Wildtype placenta did not rescue the lethal phenotype of Brd2−/− mutant embryos
While the defects in the closure of the neural tube in Brd2−/− embryos were striking, such defects in brain formation are not believed to be a direct cause of embryonic lethality in mid-gestation development (Papaioannou and Behringer, 2005). Rather, it has been suggested that placental insufficiency, defects in the cardiovascular system, and defective hematopoietic (red blood) cells are three likely causes of embryonic lethality occurring around E11.5, as was observed in the _Brd2_-deficient mice.
To begin to study the cause of lethality of the Brd2 mutant embryos, we first examined the possibility that the Brd2-deficient placenta was incapable of supporting embryonic development by performing a wildtype placenta-rescue experiment. Tetraploid cells can form functional extra-embryonic tissues, but have difficulty being incorporated into the embryo proper (Wang and Yuen, 1997). Conversely, diploid ES cells can form the embryo proper but not placenta. Thus, injection of either wild-type or mutant ES cells into tetraploid wild-type blastocysts can test whether the lethal phenotype is solely caused by placental defects. ES cells were derived from Brd2−/− mutant and wild-type blastocysts and injected into wild-type tetraploid blastocysts. The ES cell-injected blastocysts were transplanted into pseudopregnant foster mothers and embryos that developed from mutant ES cell injected blastocysts were examined at E12.5 (transplanted control blastocysts with wild-type ES cells were allowed to develop to term). We observed that virtually all of the _Brd2_−/− embryos died by E12.5 (25 out of 28, from 2 foster mothers), even in the presence of wildtype placenta. In contrast, the Brd2+/+ ES cells in the presence of the wildtype placenta resulted in live births (8 pups from 1 foster mother). This experiment excluded the possibility of placental insufficiency as the sole cause of the mid-gestation lethal phenotype of Brd2 knockout mice.
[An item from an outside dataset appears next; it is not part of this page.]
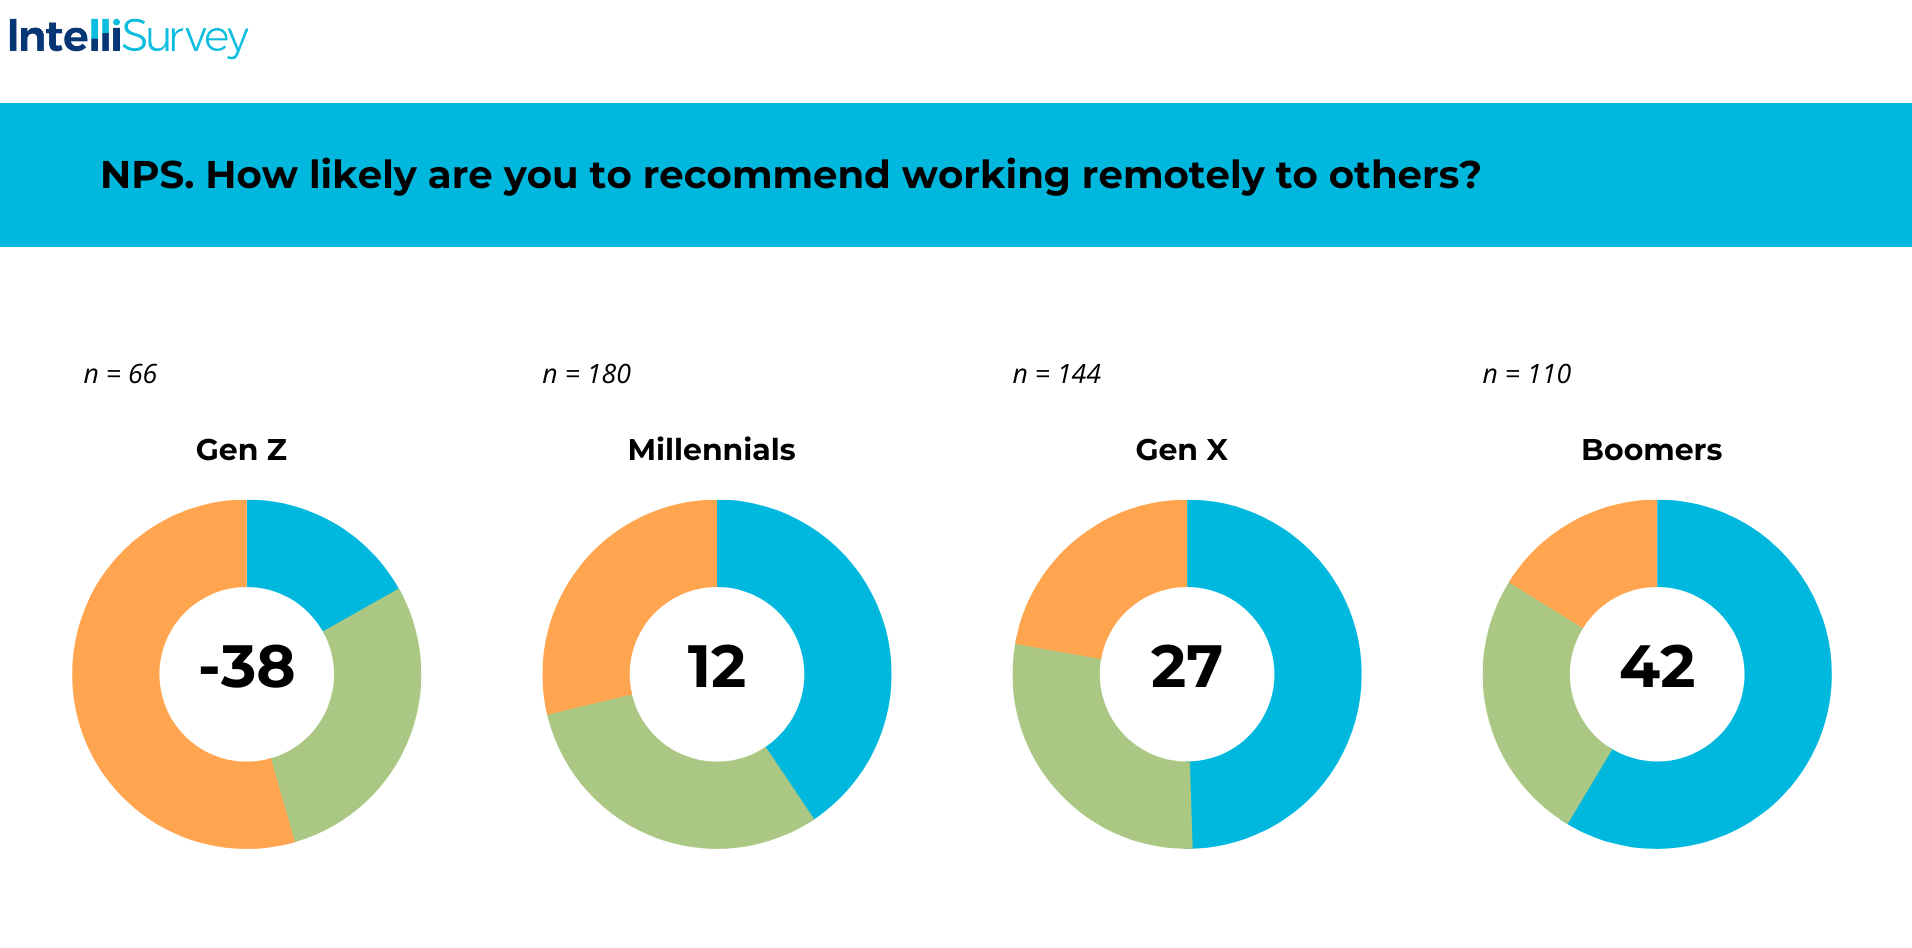 NPS chart of the likeliness to recommend working remotely from different generations

The proliferation capability of Brd2−/− MEFs was compromised and there was increased cell death in mutant embryos
As mentioned above, _Brd2_−/− mutant embryos were consistently significantly smaller than their wildtype and heterozygous littermates. It had been reported previously that inner cell mass cells that were null for the Brd4 member of the BET sub-family were defective in cell proliferation and that Brd4+/− mouse embryonic fibroblasts (MEFs) grew more slowly than wild-type cells in vitro (Houzelstein et al., 2002). We therefore initiated a series of preliminary experiments in which we derived MEFs from E9.5, E10.5, and E11.5 embryos of the three genotypes and measured their proliferation rate. Brd2−/− cells were very sensitive to the stress of in vitro culture: for the majority of the Brd2−/− embryos, the cells died after the first plating and did not grow to adequate numbers for sub-culturing. Cells of the few Brd2−/− embryos that did proliferate reasonably well were dispersed into 48-well plates and the cells were counted daily for 7 days.
The initial results of this analysis are shown in Figure 3 and indicate that Brd2−/− MEFs grew more slowly than Brd2+/+ cells in vitro. The data also revealed that Brd2−/− cells stopped growing at a much lower density than Brd2+/+ cells. Furthermore, the heterozygous Brd2+/− MEFs proliferated at an intermediate rate, as compared to Brd2+/+ and Brd2−/− MEFs. To examine at which phase of the cell cycle the slowdown of the proliferation of the Brd2−/− MEFs occurred, we performed flow cytometric analysis of the cell cycle of the mutant and wildtype MEFs. Figure 3B shows that the mutant MEFs mainly delayed at the G1 phase of the cell cycle.
Figure 3.
Panel A: Growth parameters of mouse embryonic fibroblast (MEFs) derived from Brd2+/+, Brd2+/−, and _Brd2_−/− embryos of E9.5 (157-5 and 157-11), E10.5 (128-1 and 128-2), and E11.5 (127-2 and 127-7). The cells were plated at 104 cells/well at day 0 and the number of cells/well was monitored at daily intervals. At each time point, 3 wells of cells were counted and the number of cells is shown as average of the three samples. The culture media was changed at day 4. The _Brd2_−/− cells grew very poorly as compared to the wild-type cells, and the heterozygous Brd2+/− MEFs grew at an intermediate rate as compared to the Brd2+/+ and _Brd2_−/−cells. Panel B: Flow cytometry analysis of cell cycle of MEFs of E9.5 _Brd2_−/− (157-5) and Brd2+/+ (157-11) embryos, showing an elevated G1 peak (2N) in the mutant cells, indicating that the cell cycle of _Brd2_−/− MEFs is delayed at the G1 phase.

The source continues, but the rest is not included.